In a federal court Friday, the Trump administration said it needed more time to reunite parents and children. The court late last month gave the administration a 30-day deadline for most reunifications.

In part, the administration told a judge, it needed the extra time to conduct DNA tests to prove the parentage of children in its care.

Sanchez said she has not been told that DNA tests will be necessary.
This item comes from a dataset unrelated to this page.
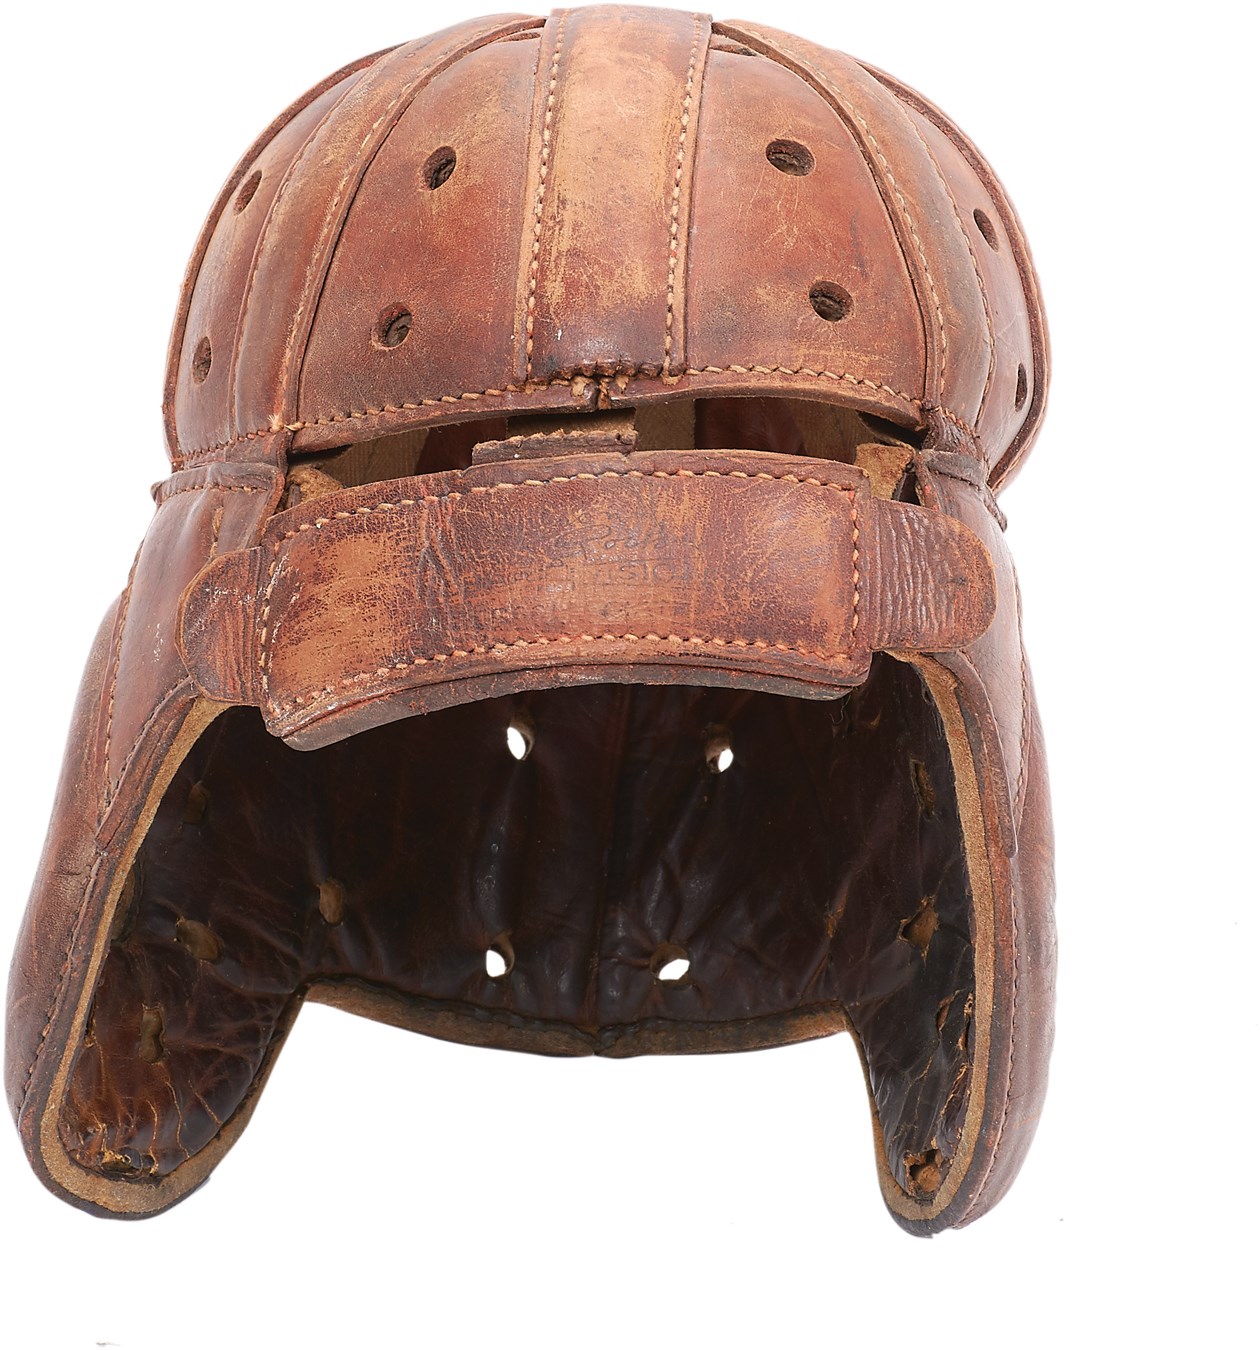 Antique Sporting Goods - 1920s Knute Rockne Endorsed Wilson Helmet

Padilla last saw her son when they were held together in a cold cell known by Spanish-speaking immigrants as a “hielera,” or freezer. Immigration officials brought them there after their arrest.

That same day, officials took away the boy without explanation, according to a class-action lawsuit against the government filed by the Northwest Immigrant Rights Project. Padilla is one of three named plaintiffs.

She saw her son just once more about a day later, when immigration officials took a photo of them together, according to the lawsuit.

About two weeks later, she was transferred, along with about 200 others in ICE custody, to the Federal Detention Center in SeaTac, and later to the Tacoma detention center.

At some point, she was given a slip of paper with her son’s whereabouts and was able to reach him by phone.

“He cried almost the whole call,” Padilla recalled.

She talked to him three more times, and he seemed a bit happier, she said, because “I told him I was going to come for him.”

The government may instead bring the boy to her. Sanchez said she was told so by a Cayuga Centers staffer.

But she was getting new information all the time.

Padilla, talking in The Seattle Times offices hours after her release, was slowly taking everything in. She was looking a little more relaxed after changing into jeans, a T-shirt and a jacket that her lawyer had brought for her. But she obviously needed to sleep.

She had gotten barely any, she said, in the roughly seven weeks that she had been detained.